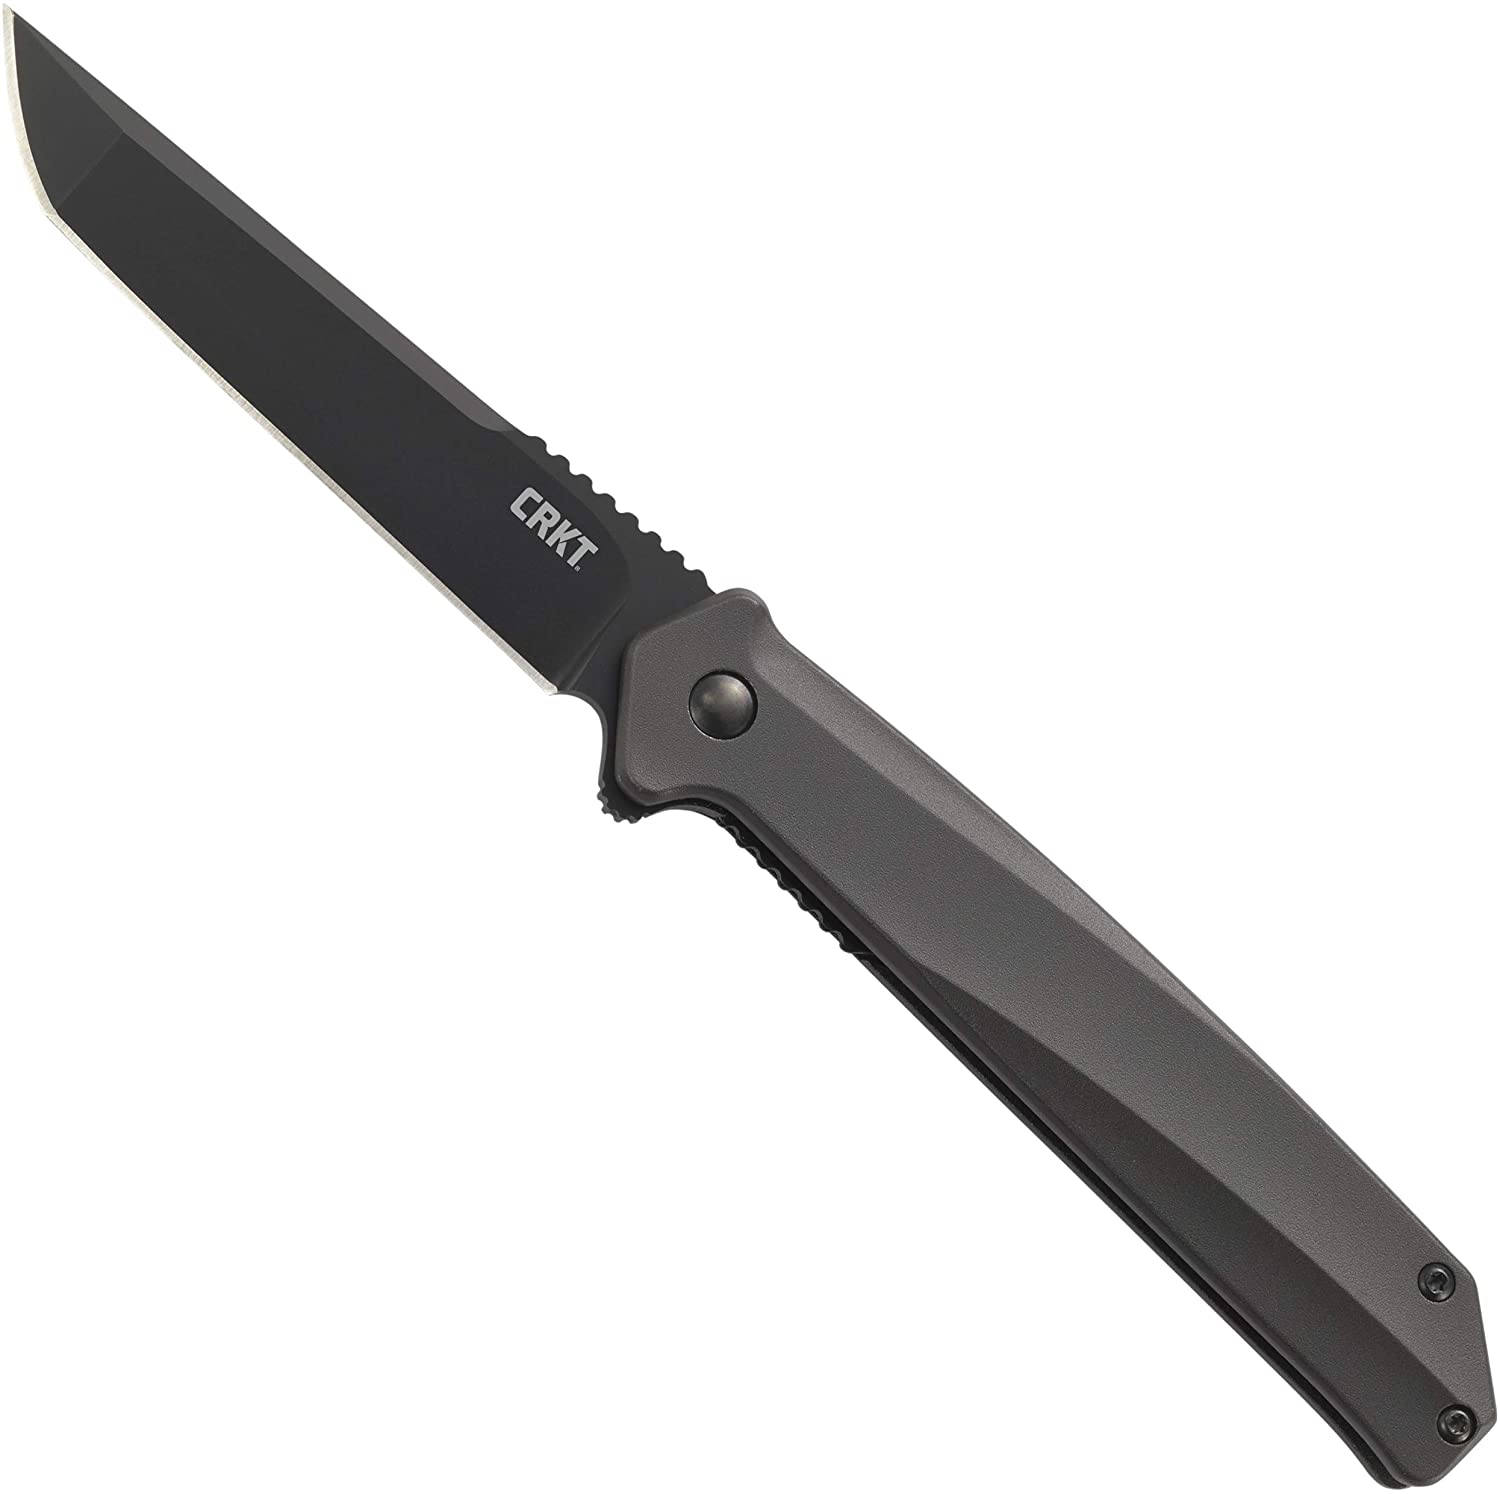 CRKT Helical Folding Knife (3.52 inch, D2, Tanto) $29.99
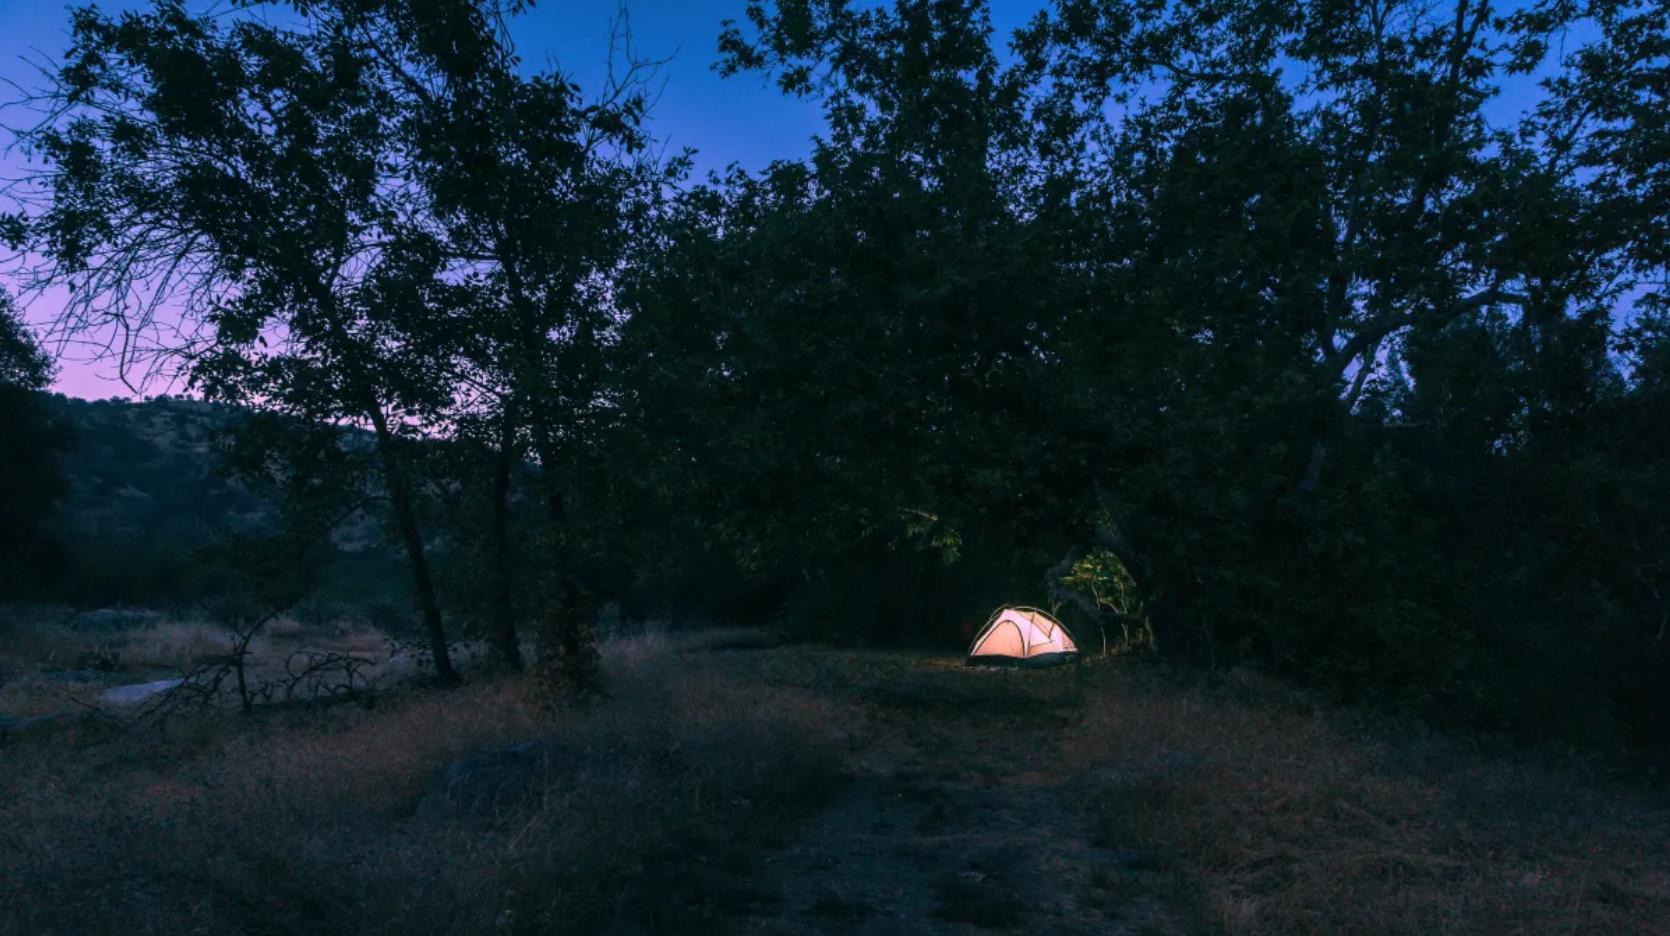 Another campsite at night (Copy)
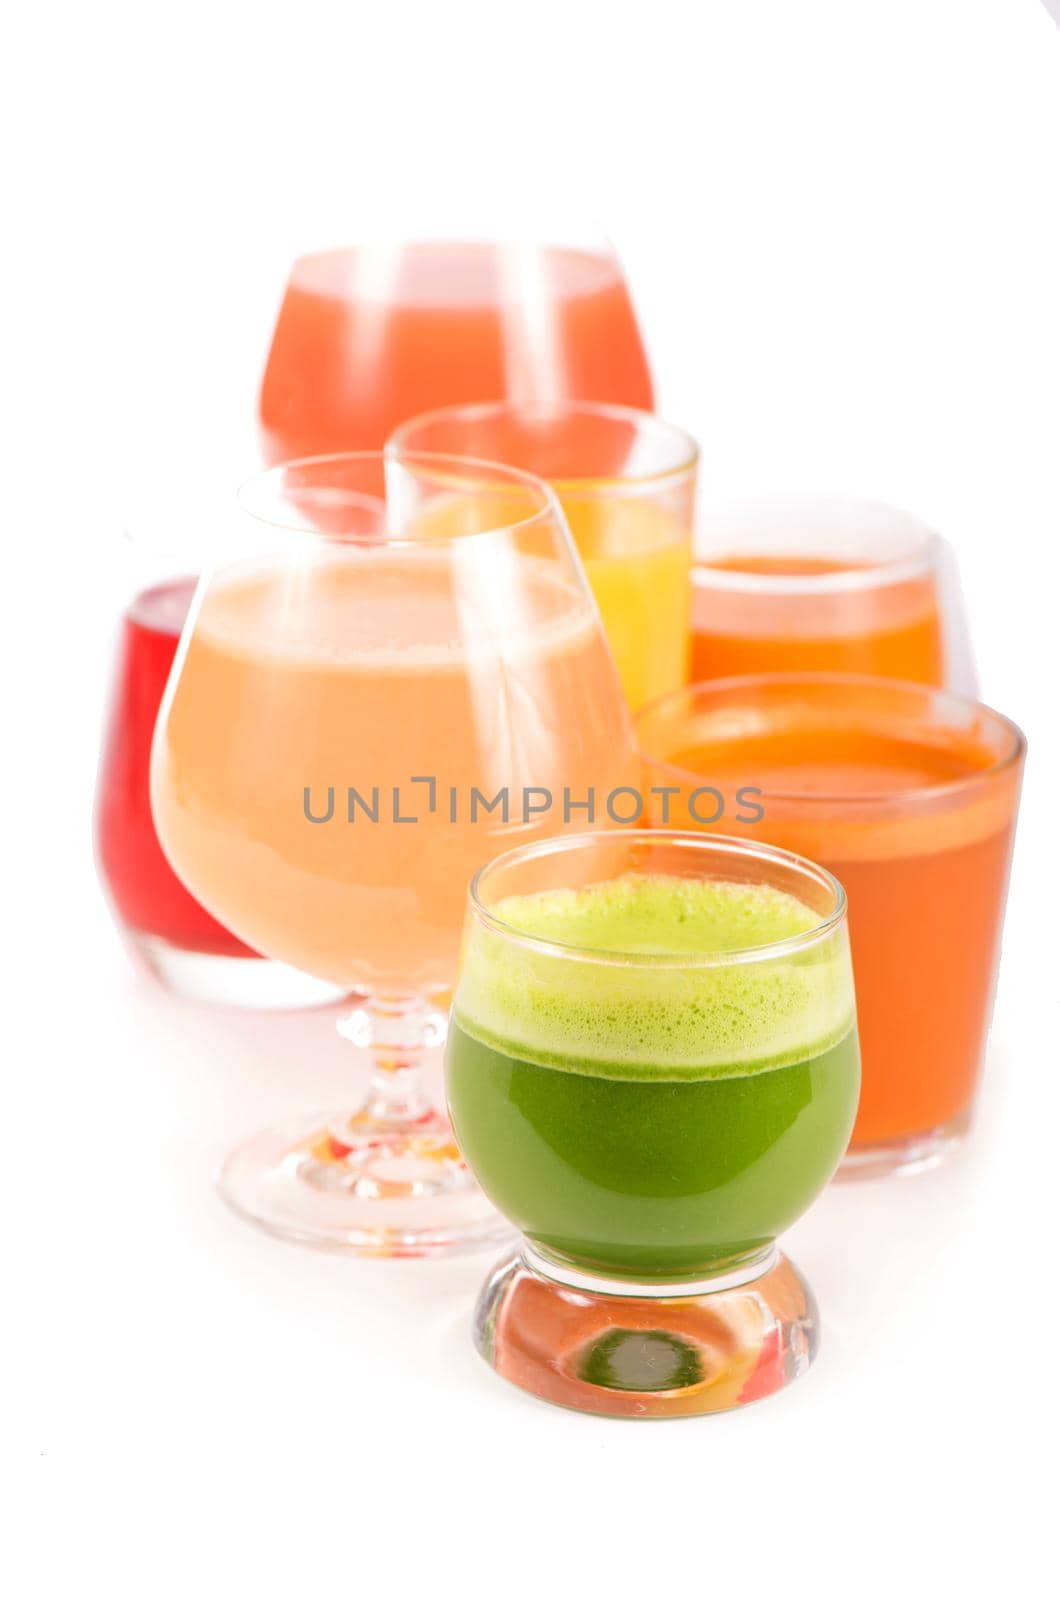 Glasses with fresh organic vegetable and fruit juices isolated on white. Detox diet

*What is being asked*: When you retype the material above, keep every word exact and drop the images.

*Written response*:
 CRKT Helical Folding Knife (3.52 inch, D2, Tanto) $29.99
 Another campsite at night (Copy)
 Glasses with fresh organic vegetable and fruit juices isolated on white. Detox diet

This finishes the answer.